- _Dataset excerpt_:
-------------------------

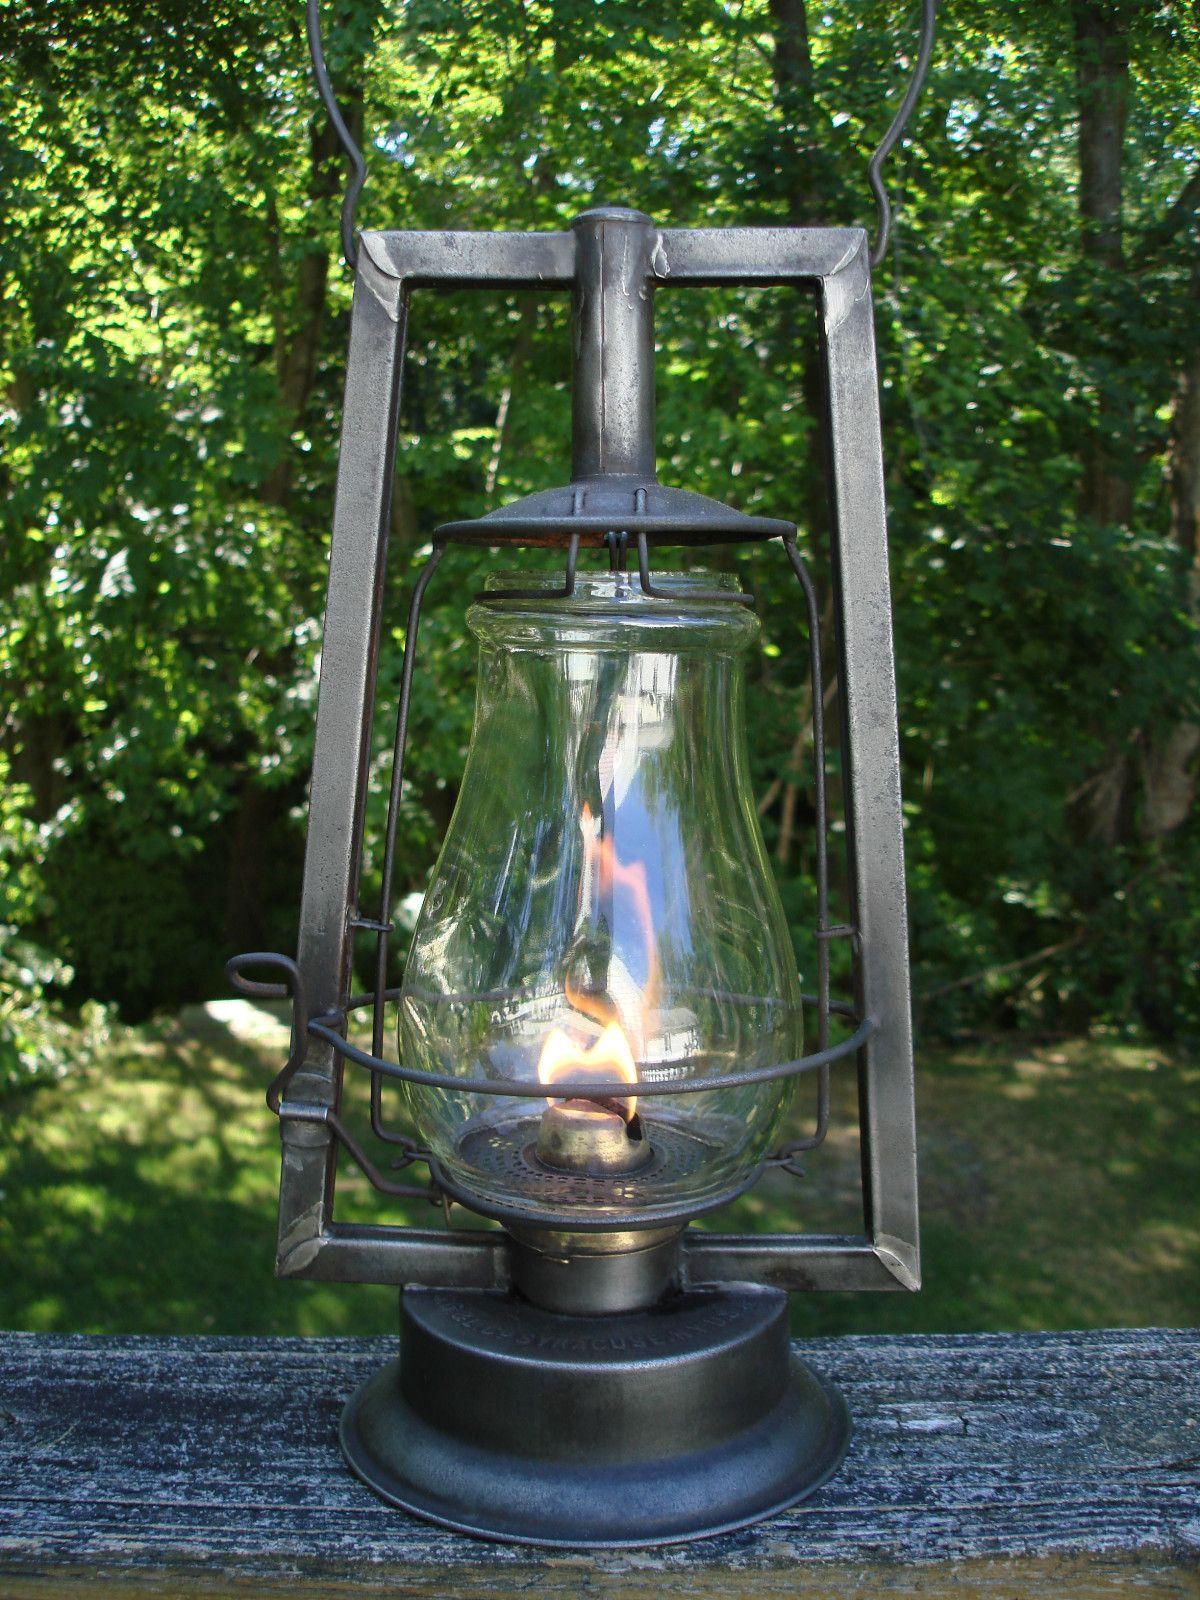 S G Amp L Steam Gauge Amp Lantern Victor 1898 1900 Made
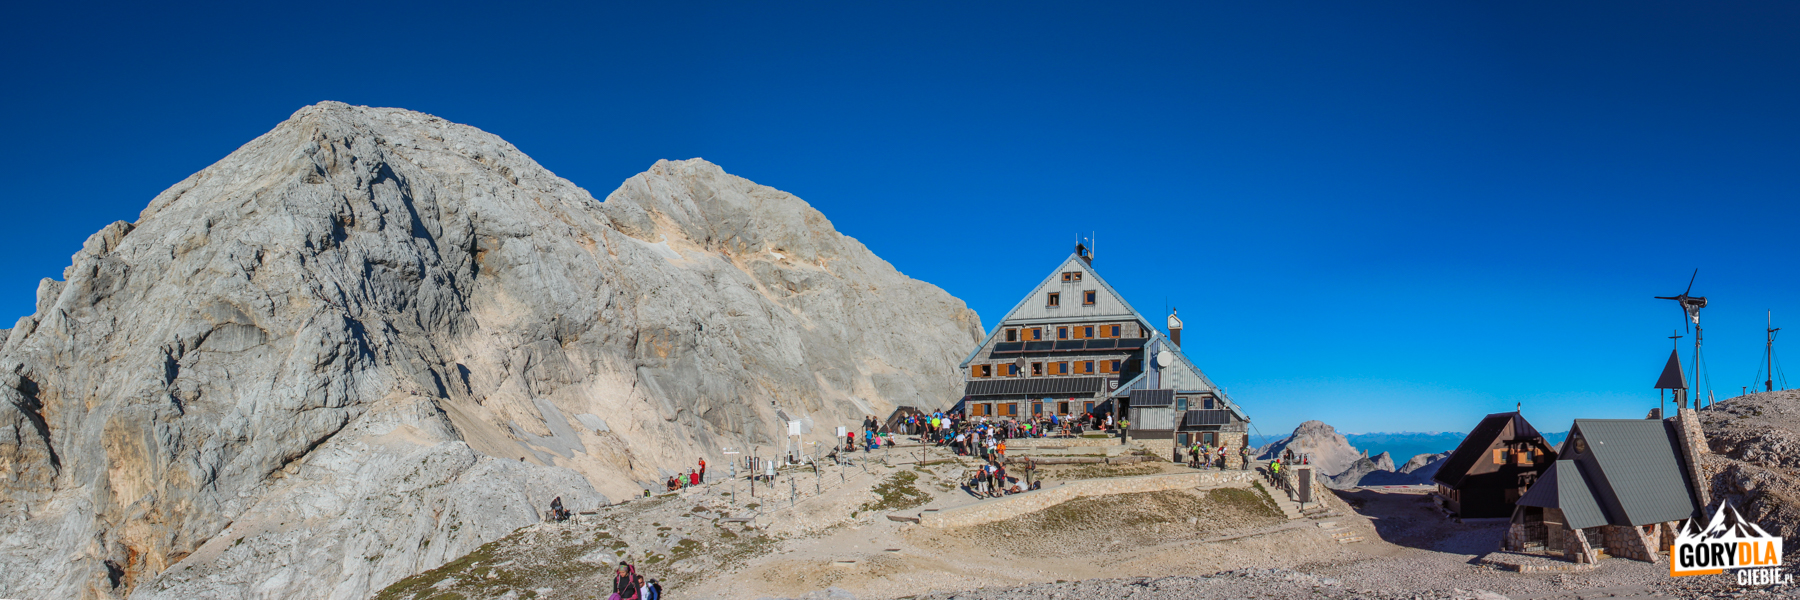 "Schronisko ""Triglavski dom na Kredarici"" (2515 m), w tle Triglav"
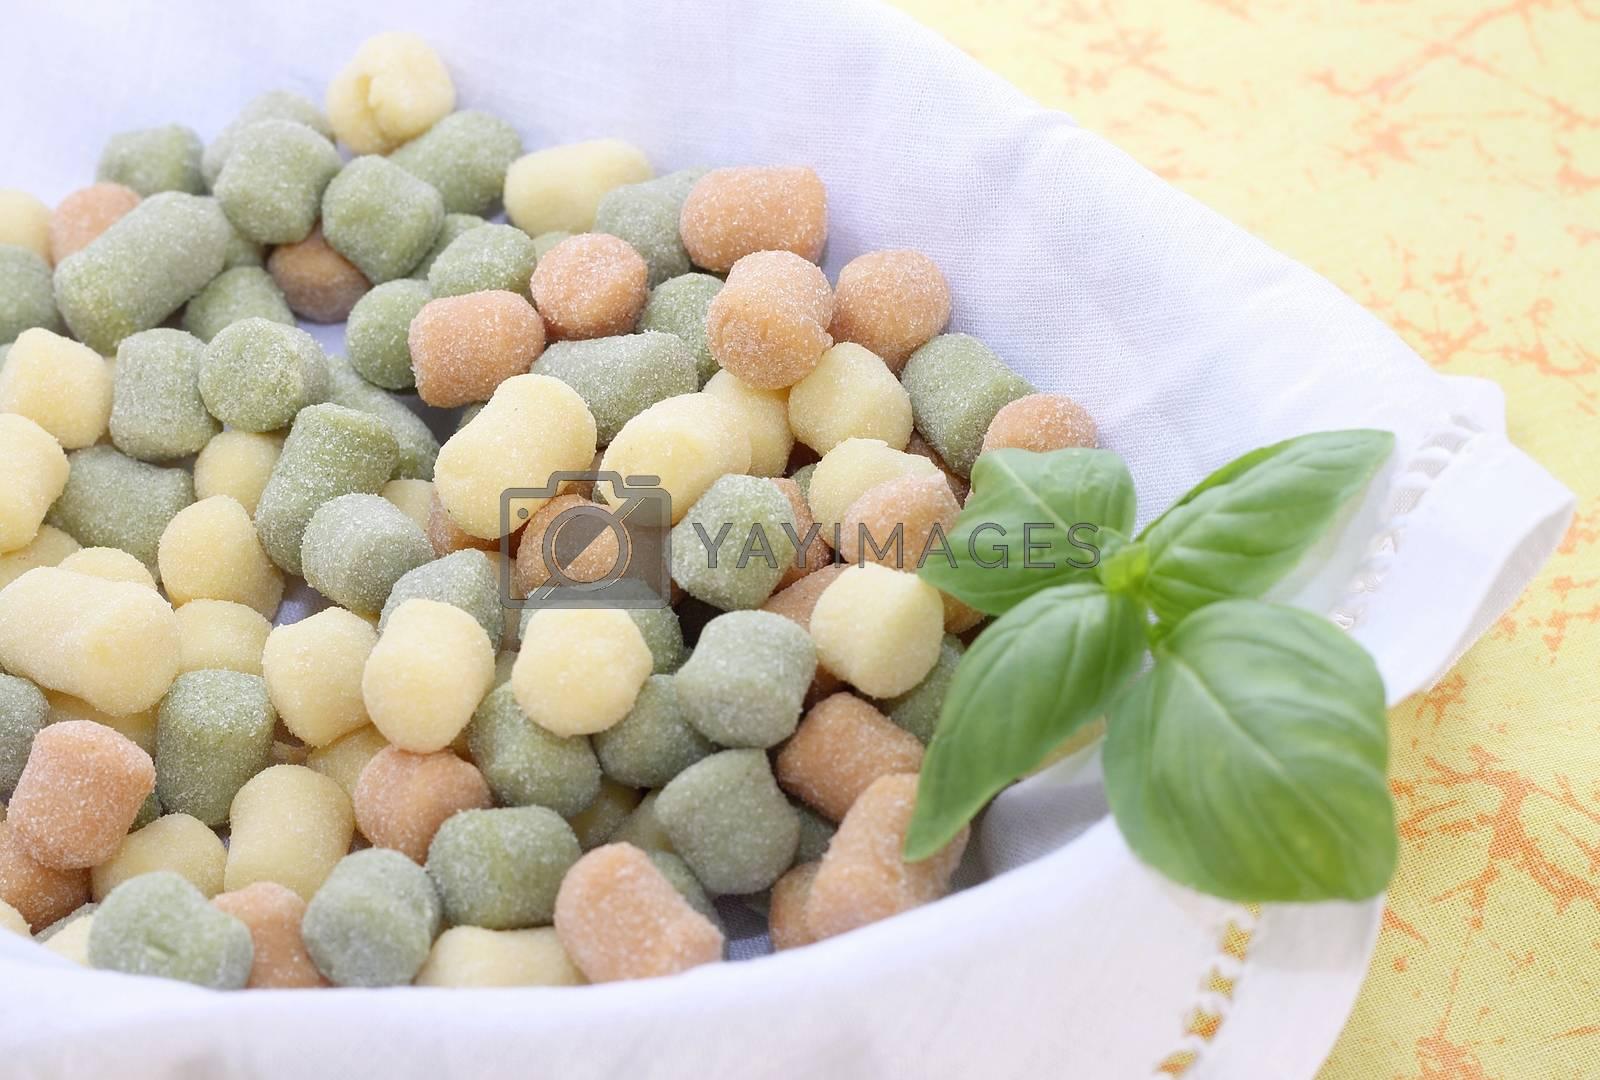 Italian gnocchi with basil leaves
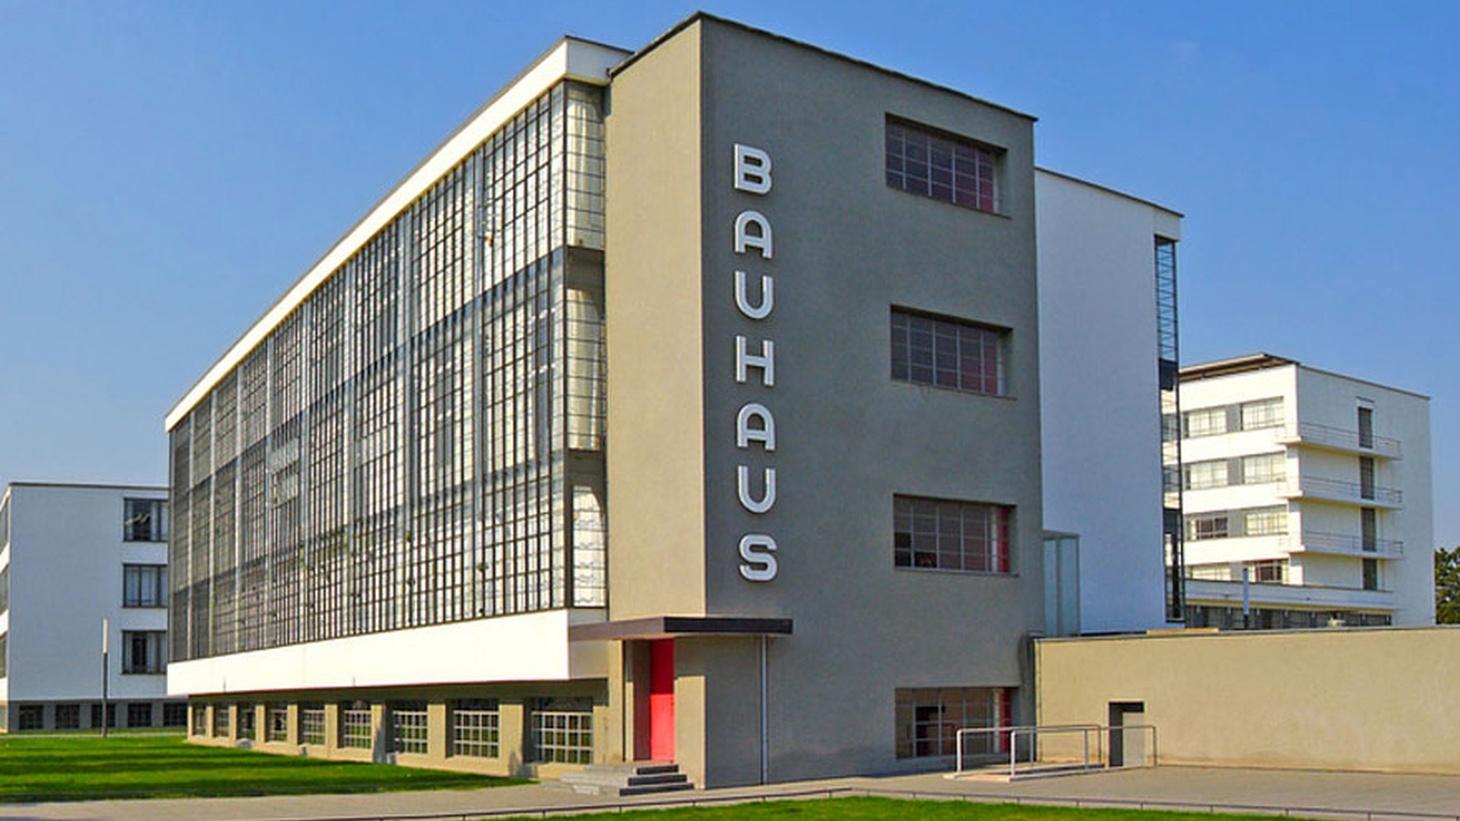 The Bauhaus building in Dessau.

-------------------------

- _Instructions for the task_:
Restate word for word only the lines from the one with "Italian gnocchi with basil leaves" through the last line of the material, both included. Any picture should be left out.

- _Exercise output_:
 Italian gnocchi with basil leaves
 The Bauhaus building in Dessau.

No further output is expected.